There are some non-obvious changes to the standard as well. The output load capacity was adapted to the latest hardware requirements. There is a second +12V voltage slot for the CPU, so the other 12V current doesn't get overtaxed if there is a sudden surge in the CPU load.

Efficiency was notched up considerably, with the new standard 70% at peak and typical load, and 60% at lower loads. The recommended efficiency rates are as high as 75%, 80% and 68% respectively for peak, typical and lower load. (A typical load is defined as 50% and low capacity as 20% of overall output.) While an efficiency value of 70% looks pretty high at first glance, consider that it means the PSU itself consumes up 30% of the power, which it blows out of the case as waste heat. If the processor is not running at a high load, the percentage of unused power is even greater; at 50% this means fully half of the input energy dissipates as waste heat through the PSU. In light of this, it makes sense for users to think about whether they really need that huge 550 or 600 watt power supply - maybe you can get by with less power. It's also worth noting that the enormous amount of power used by today's CPUs makes the efficiency of the PSU dwindle somewhat into insignificance.

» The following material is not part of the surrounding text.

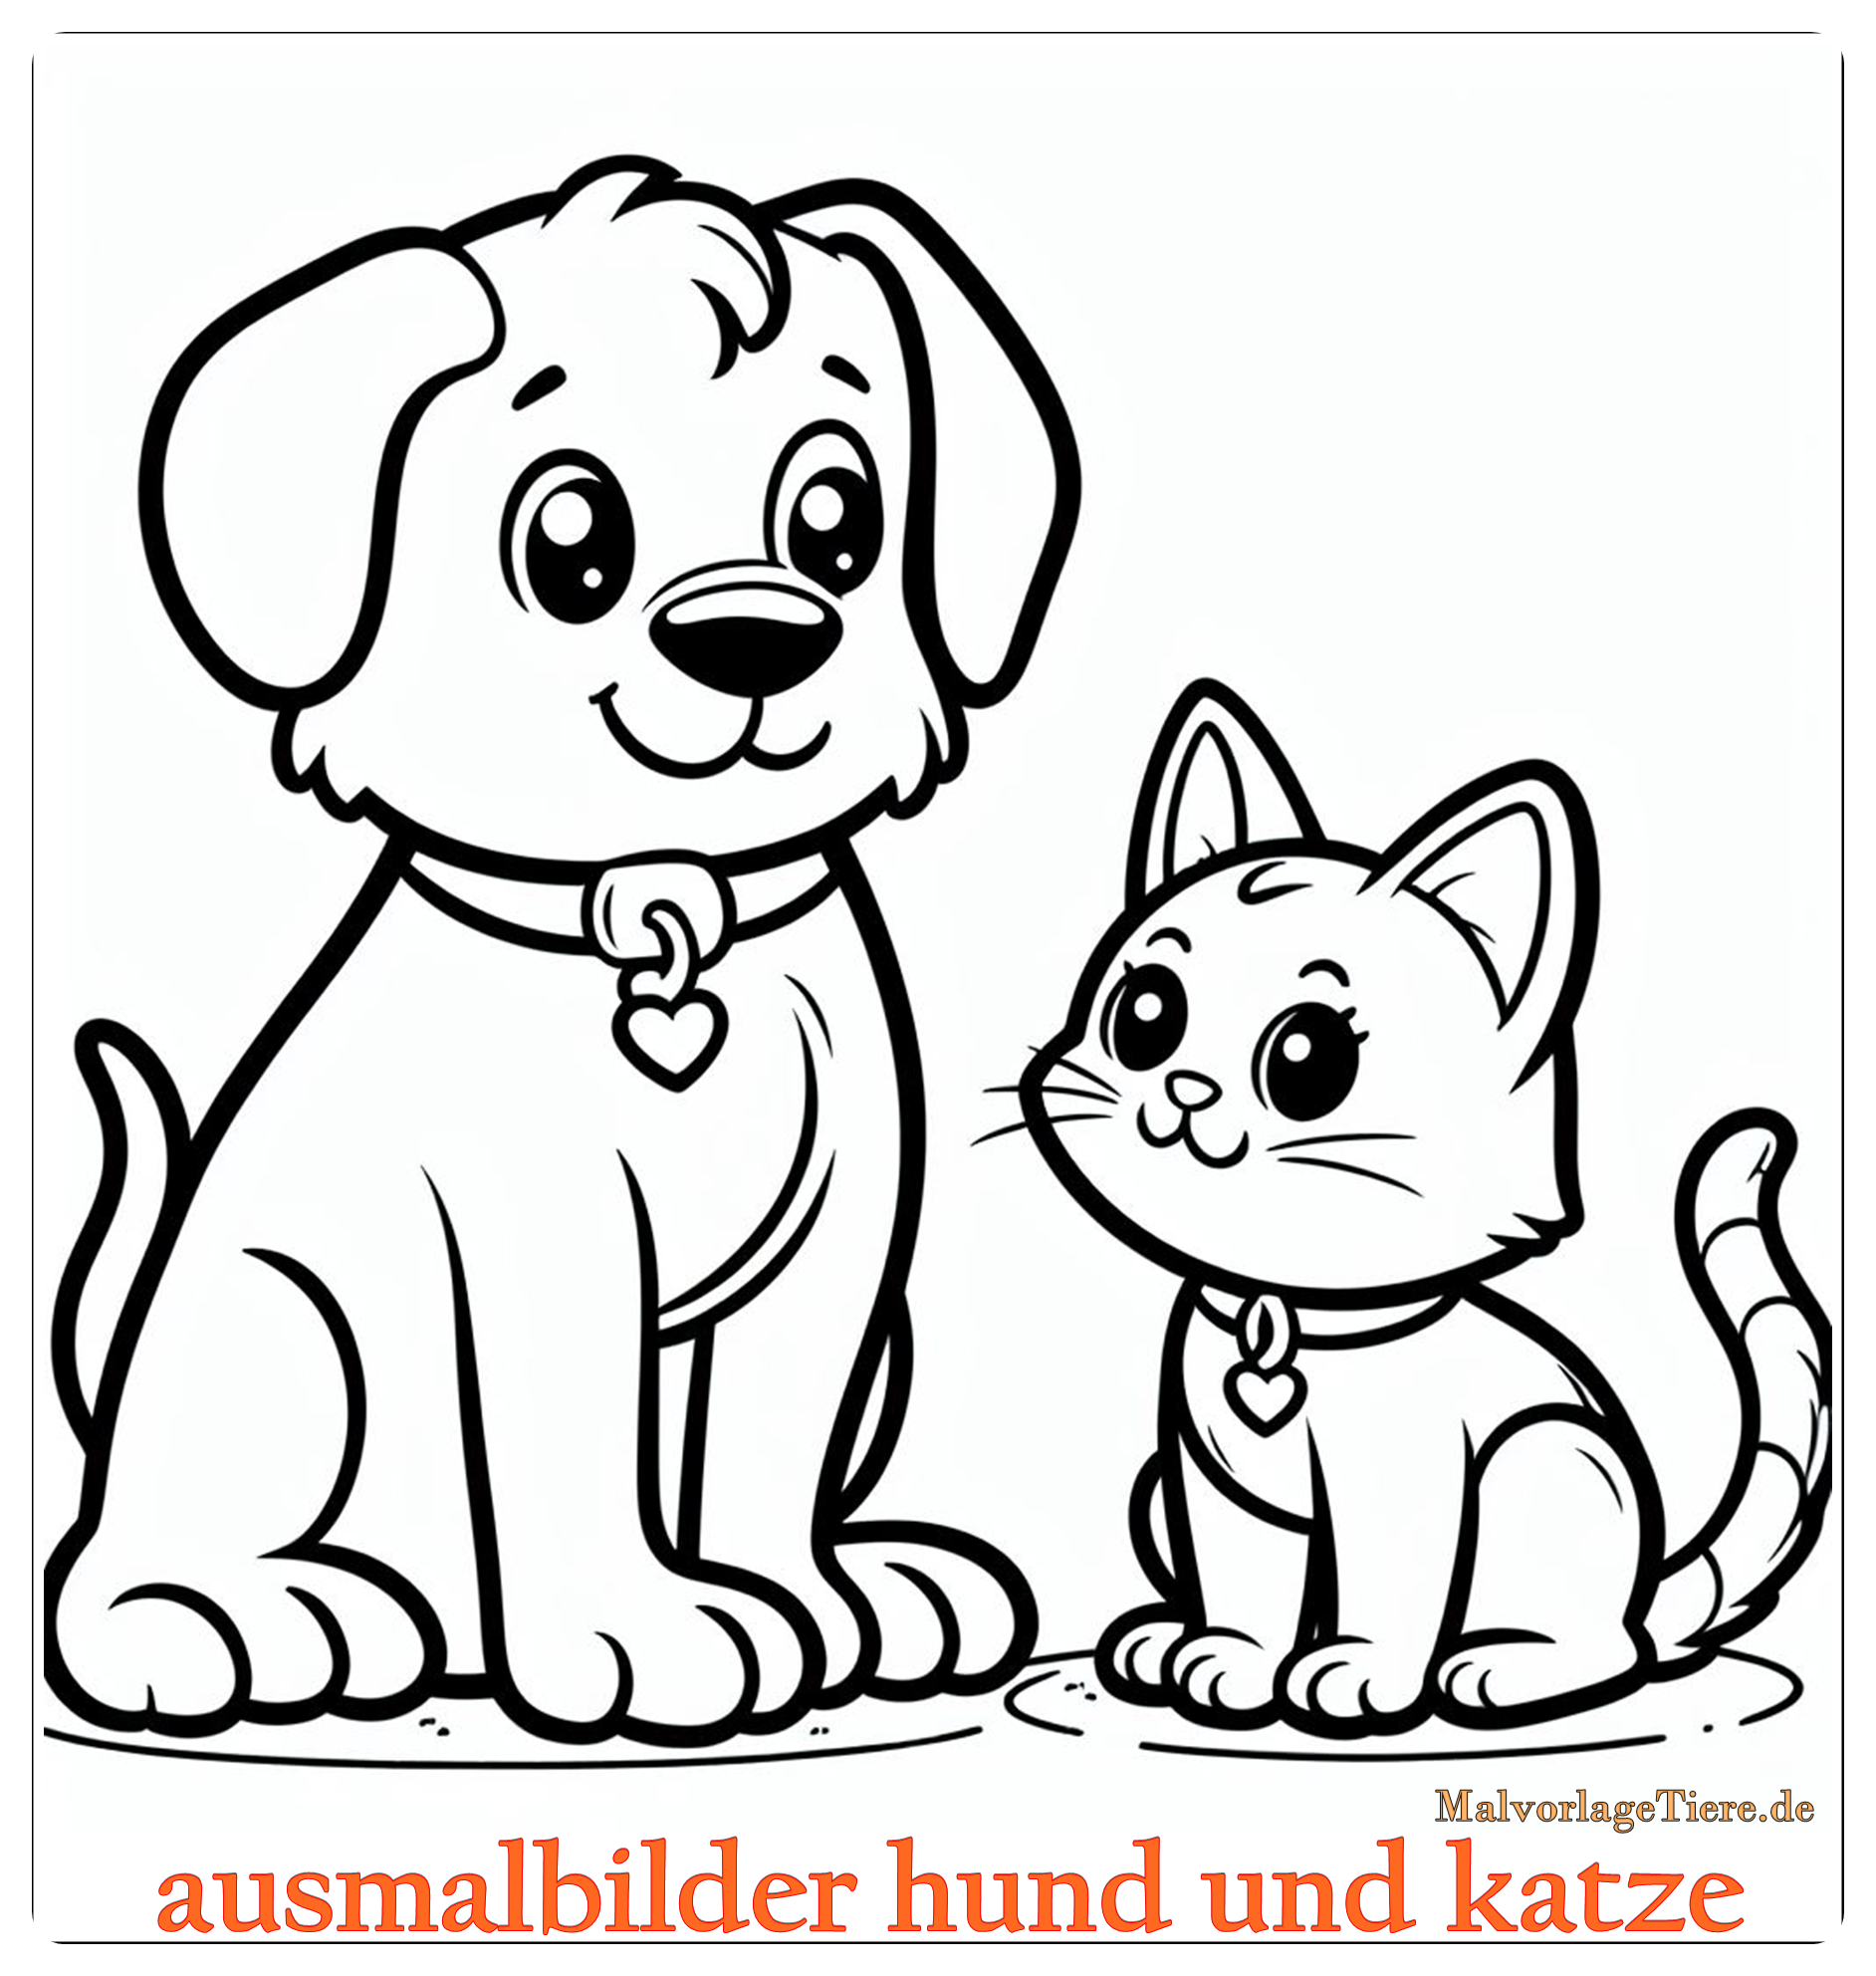 ausmalbilder hund und katze 15 by malvorlagetiere.de

With a typical PC configuration using a Q-Technologies 460 W power unit, we measured the power consumption of the entire system at 195.8 watts, while the supply took a total of 247 watts. This works out to an efficiency of 79.3%, so the power unit is putting out some decent numbers here. Still, even here, over 50 watts still leave the unit as heat rather than contributing to computing. If the power supply has an even lower efficiency rating - no rare occurrence, by the way - you're sure to see the effect of the much higher power output on your energy bill. Simply put, an efficient PSU may cost more initially but can save you cold, hard cash, especially if the computer is left running all the time.